Work request. Your copy begins at the line with "Electronic Bartering System" and runs through the end of the data below. Set down only those lines exactly, without pictures.

BEGIN Given material

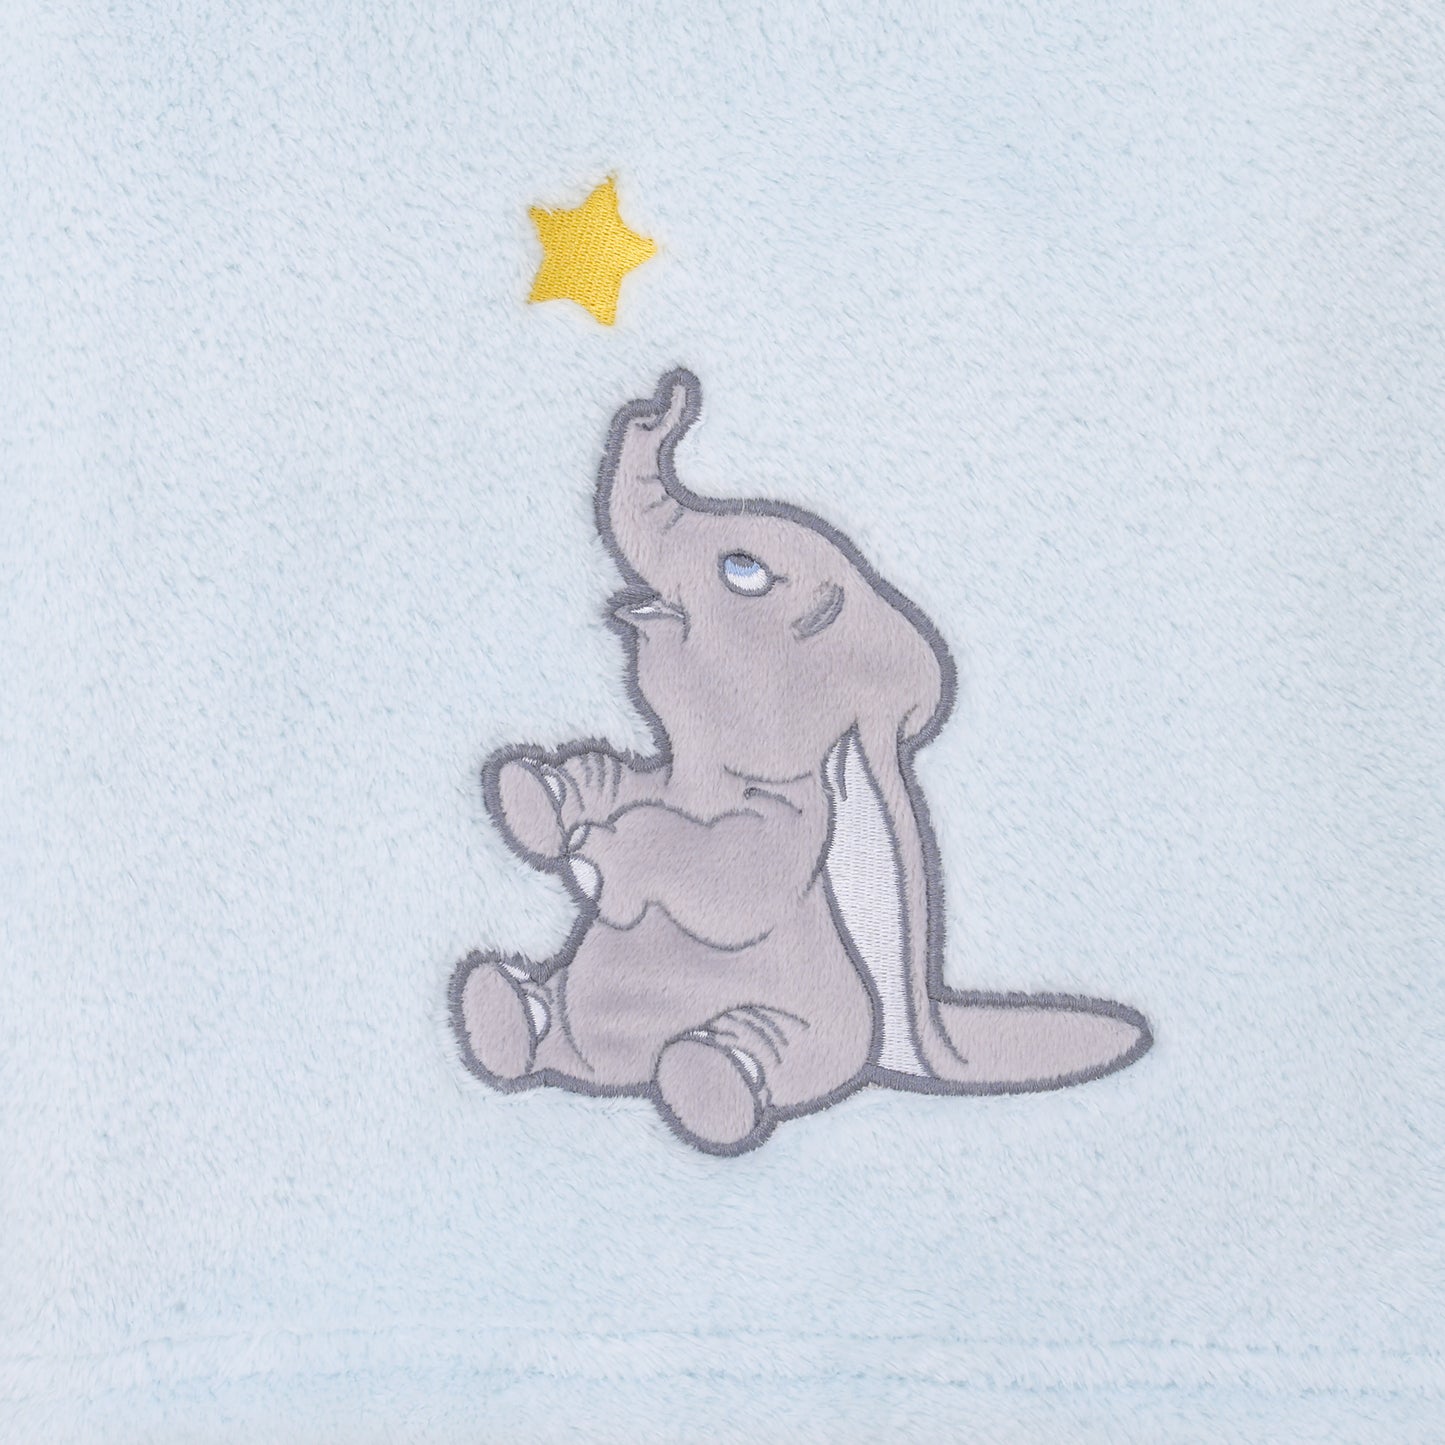 Disney Dumbo - Shine Bright Little Star Aqua, Grey and Yellow Super Soft Baby Blanket with Applique
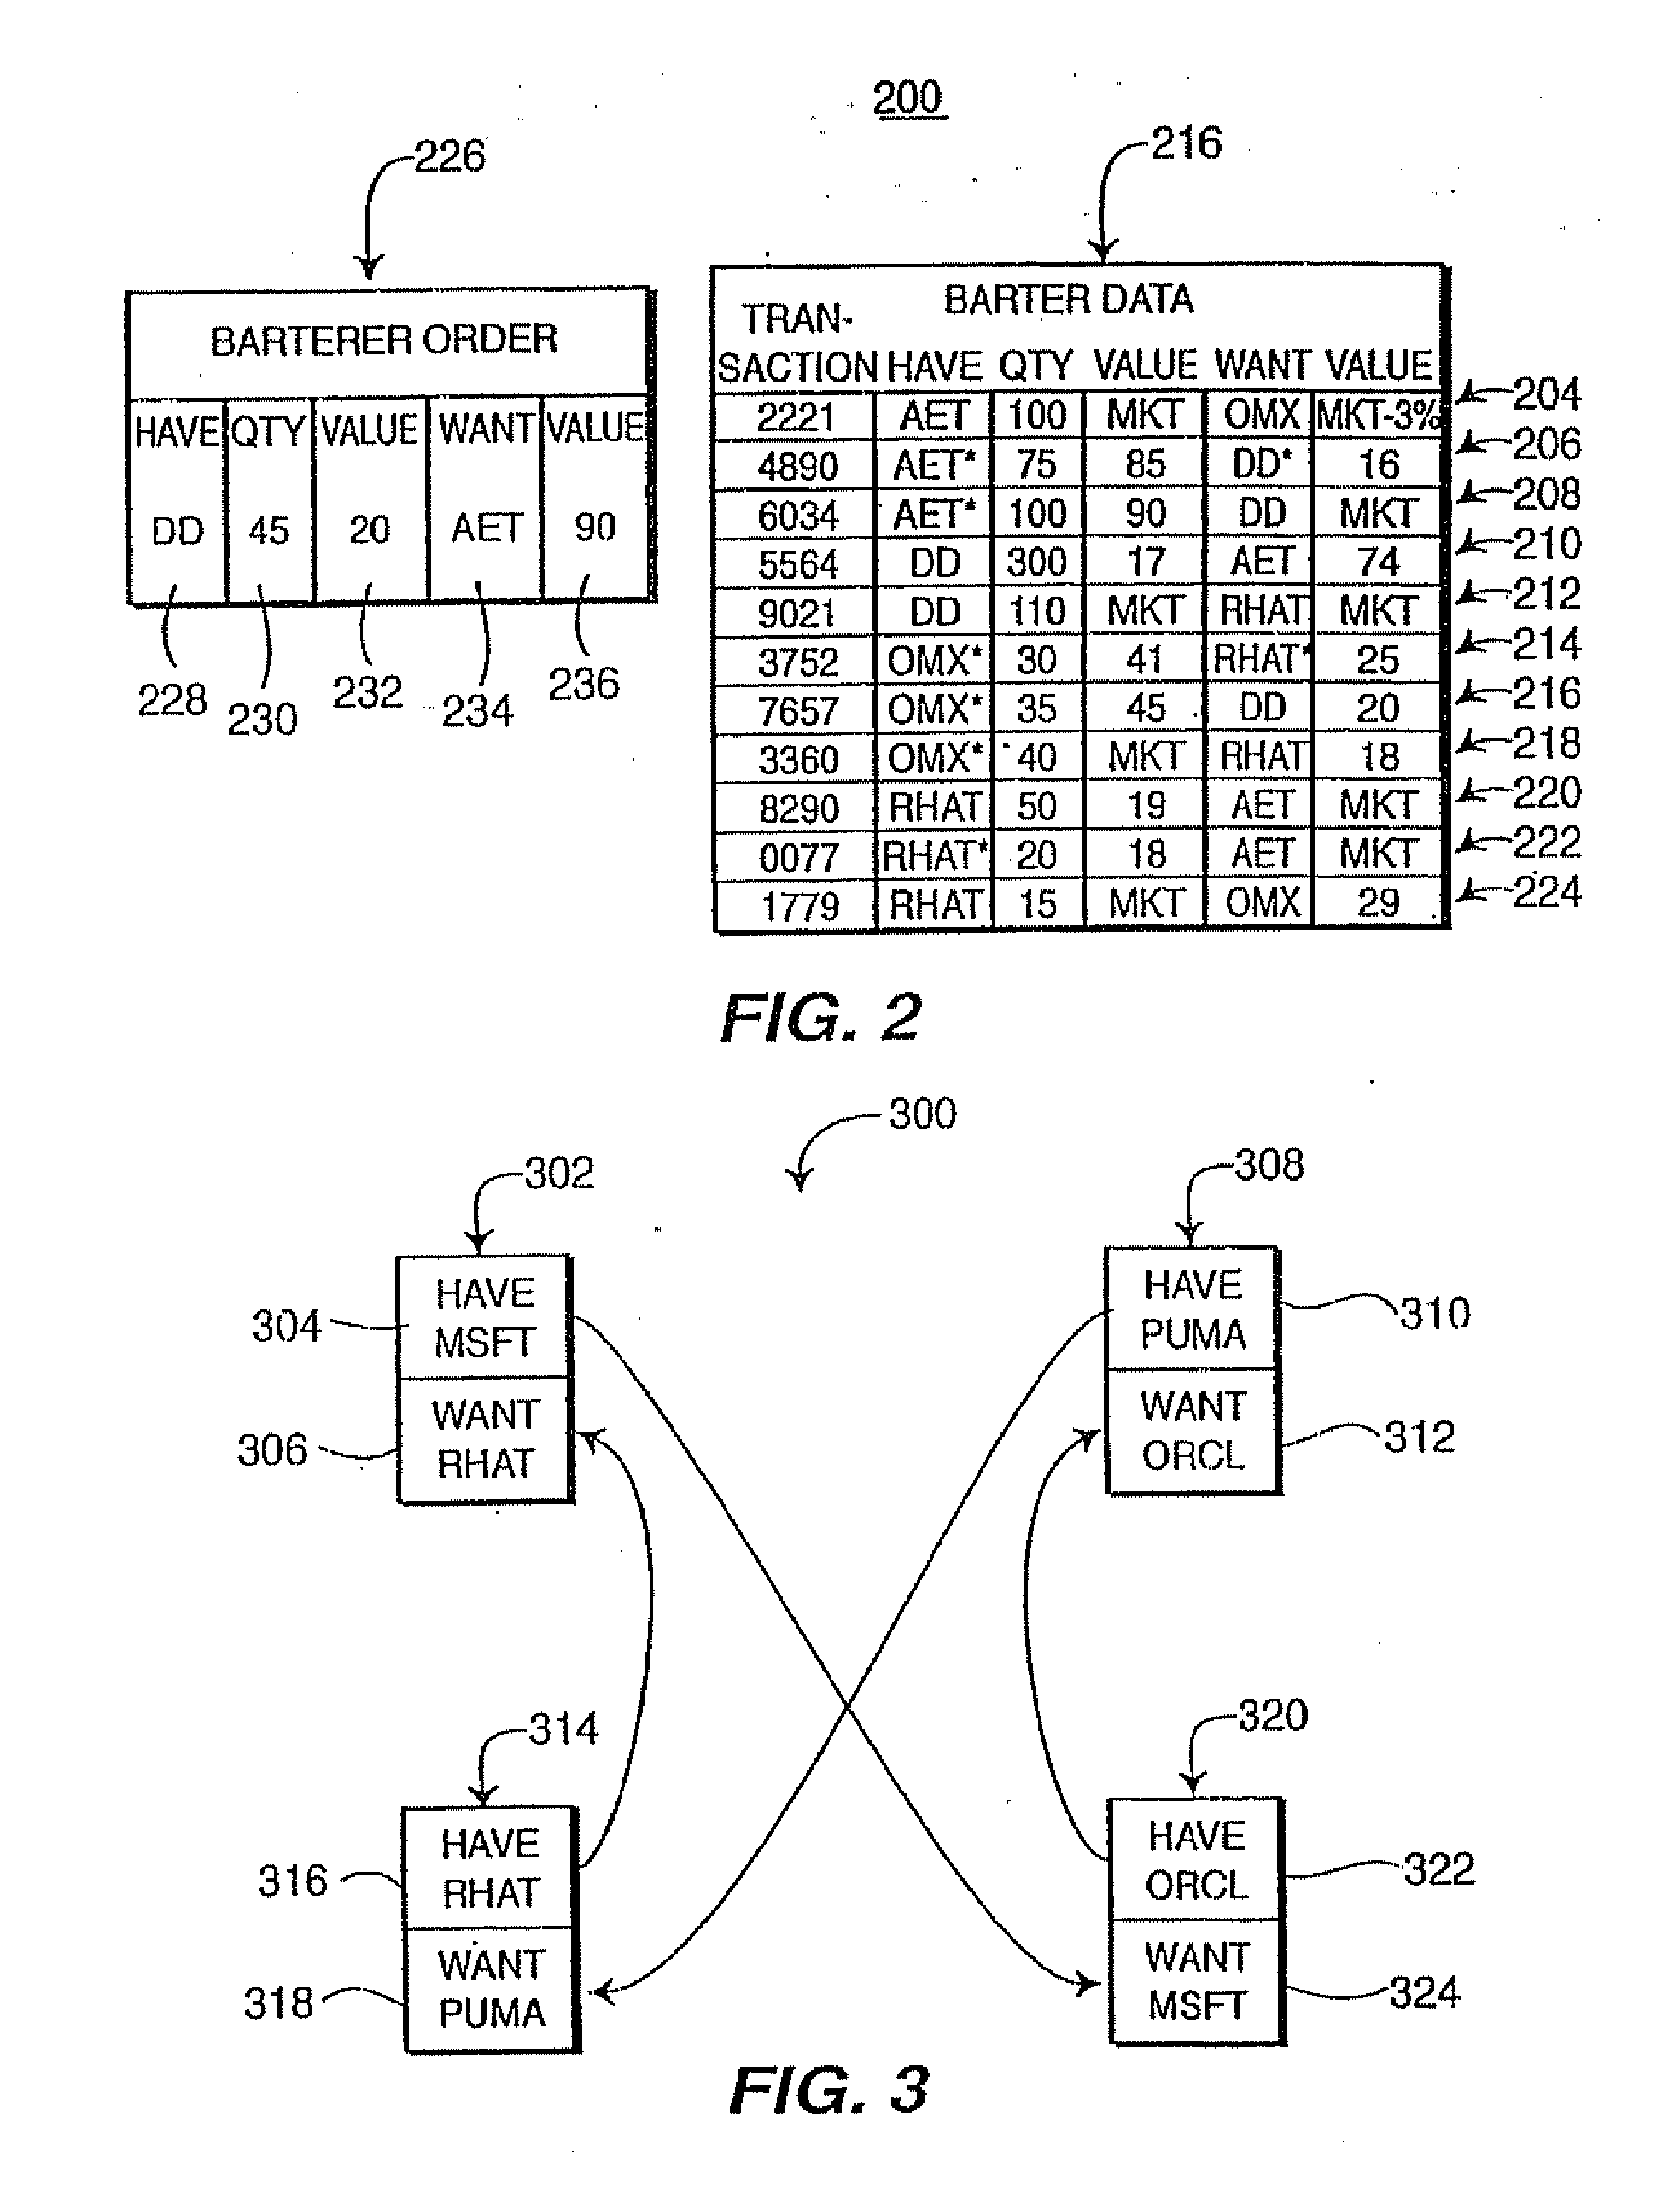 Electronic Bartering System with Facilitating Tools
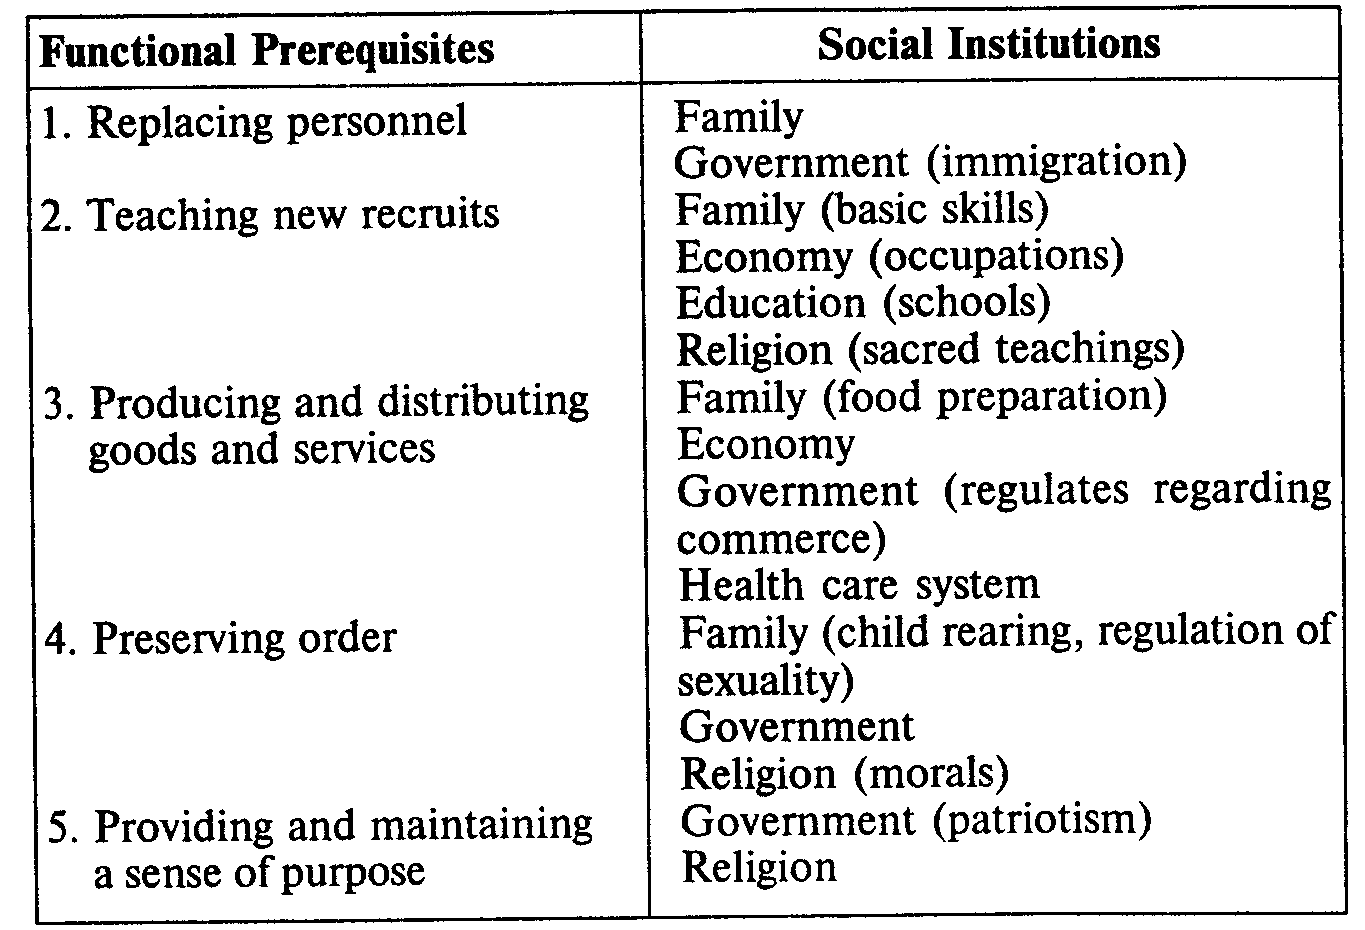 social institutions in a society provide

END Given material

Response to this exercise.
 Electronic Bartering System with Facilitating Tools
 social institutions in a society provide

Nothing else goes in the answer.